Когда родители умерли, ненависть перенесли на него — но не признание, которое шло рука об руку с ненавистью, поскольку, несмотря на то, что он окончил несколько колледжей, от его образования не было никакой пользы — по меньшей мере, такой, которую считали бы таковой в деревне. Он не торговал ни закладными, ни имуществом. Он уединенно жил в большом, высоком доме, давно пришедшем в упадок, и помаленьку расходовал деньги, которые его отец скопил и оставил ему. У него не было друзей, да он их и не искал. Случалось, он по целым неделям не показывался на деревенских улицах, хотя все знали, что он дома. Ибо всеведущие соседи видели огни, загоравшиеся в высоком доме на отшибе вечерами.

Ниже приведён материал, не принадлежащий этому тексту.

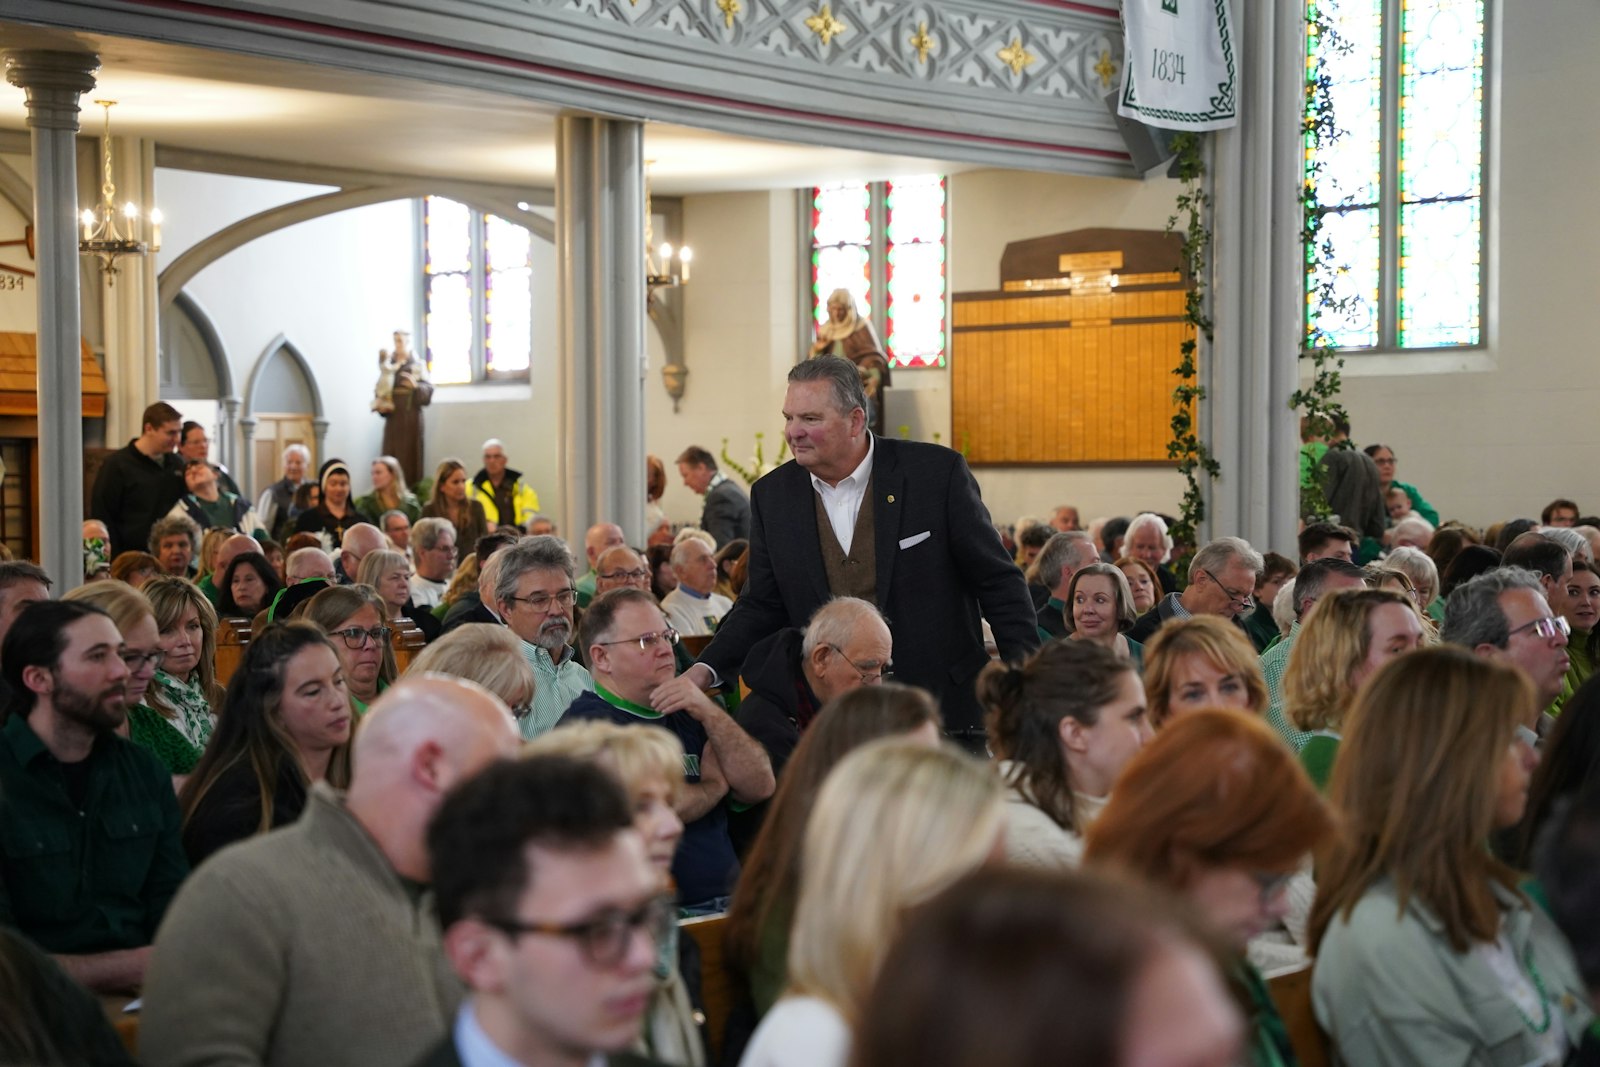 The 80th annual "Sharin' o' the Green" supports the various ministries and services provided at Most Holy Trinity. The fundraiser was started by famed Most Holy Trinity pastor Msgr. Clement Kern and remains a vital part of the parish's mission to serve the Corktown community.
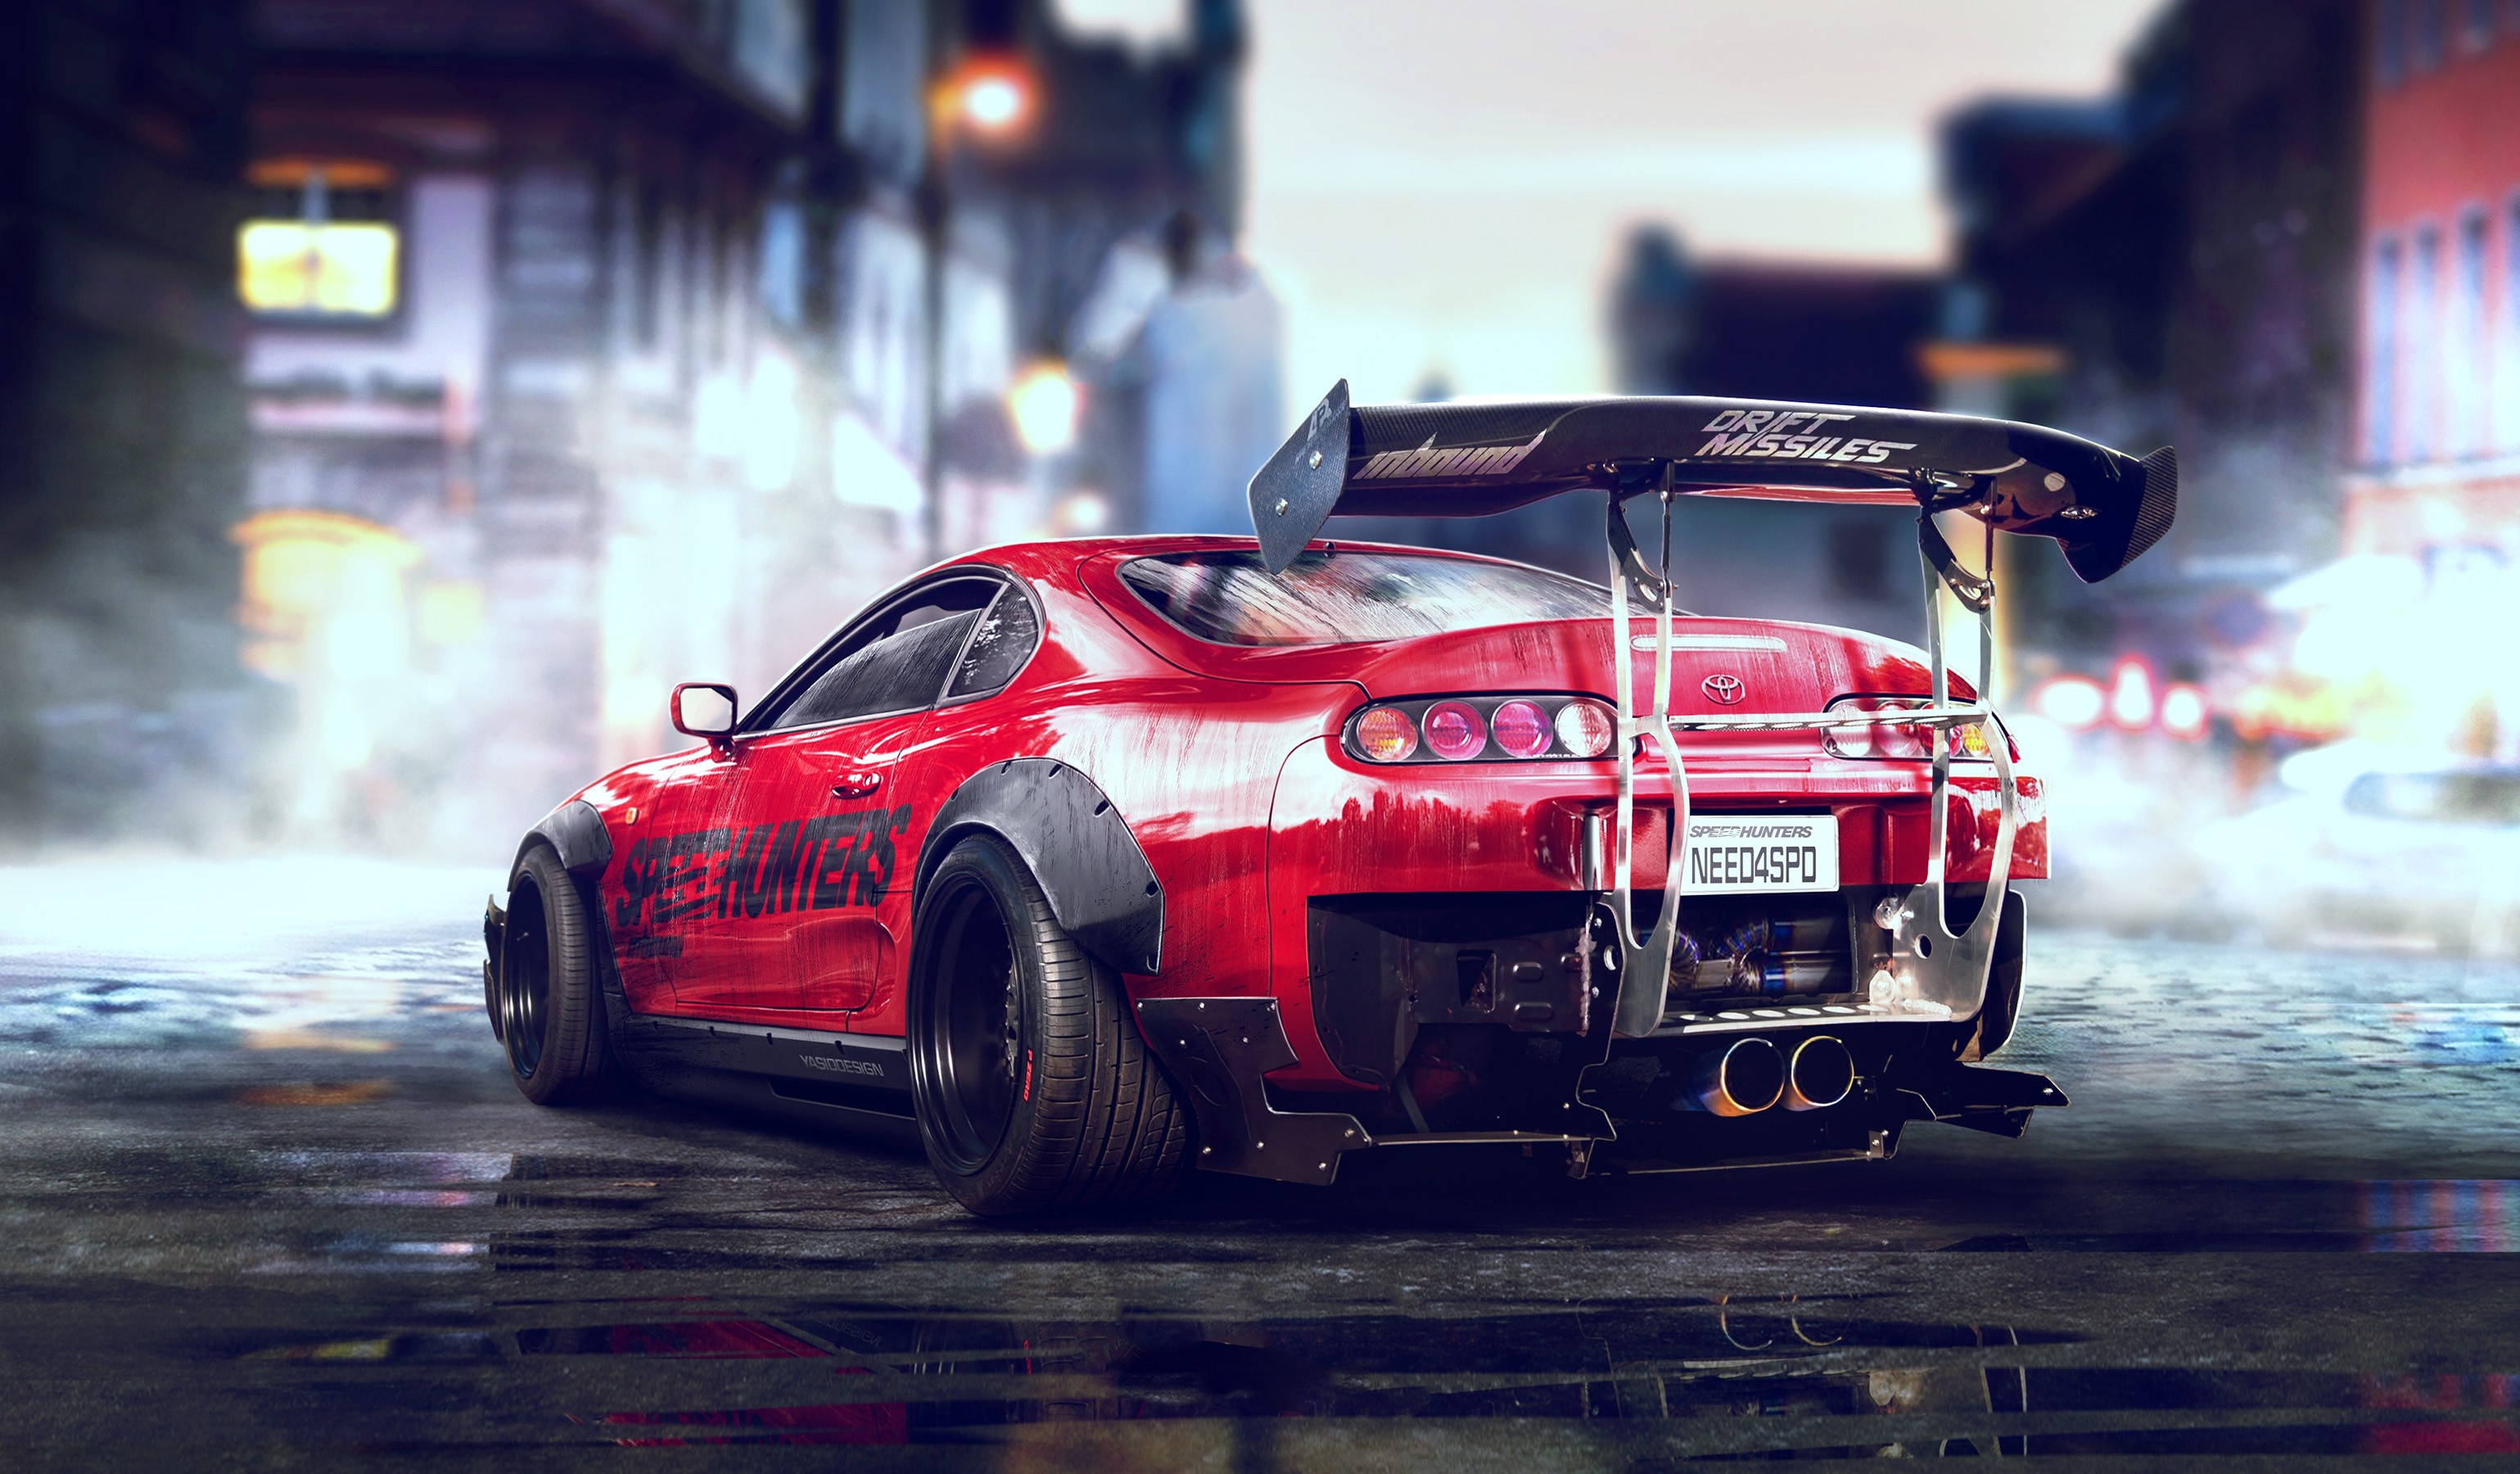 Toyota Supra Need For Speed Engine Exhaust Car Red Speedhunters 3078x1800

Когда-то дом был настоящим красавцем, но время и запустение постепенно брали свое. Погнутые ставни сиротливо висели на петлях; много лет назад ураган выбил из верхушки дымохода расшатавшиеся кирпичи, и часть из них до сих пор лежала на крыше. Краска облупилась и осыпалась, парадное крыльцо просело: фундамент подкосили деловитый суслик, вырывший под ним себе нору, и зарядившие вслед за этим дожди. Лужайка, некогда аккуратно ухоженная, буйно заросла травой, кусты забыли, что такое стрижка, а деревья разрослись так безбожно, что из-за них едва был виден дом. Цветочные клумбы, которые любовно пестовала его мать, остались в прошлом, давным-давно задушенные бурьяном и ползучей зеленью.
Очень жаль, подумал он, стоя в ночи. Мне следовало сохранить дом в том виде, в каком он был при отце и матери, но у меня было так много других забот.
Жители деревни презирали его за бездеятельность и беспечность, из-за которых надменное великолепие пришло в упадок и запустение. Ибо как бы сильна ни была их ненависть к надменности, они все же гордились ею. Они говорили, что он ленивый и равнодушный.
Но я не был равнодушным, подумал он. У меня болела душа — не за дом, не за деревню, даже не за себя самого, а за работу, которую я не выбирал: мне ее навязали.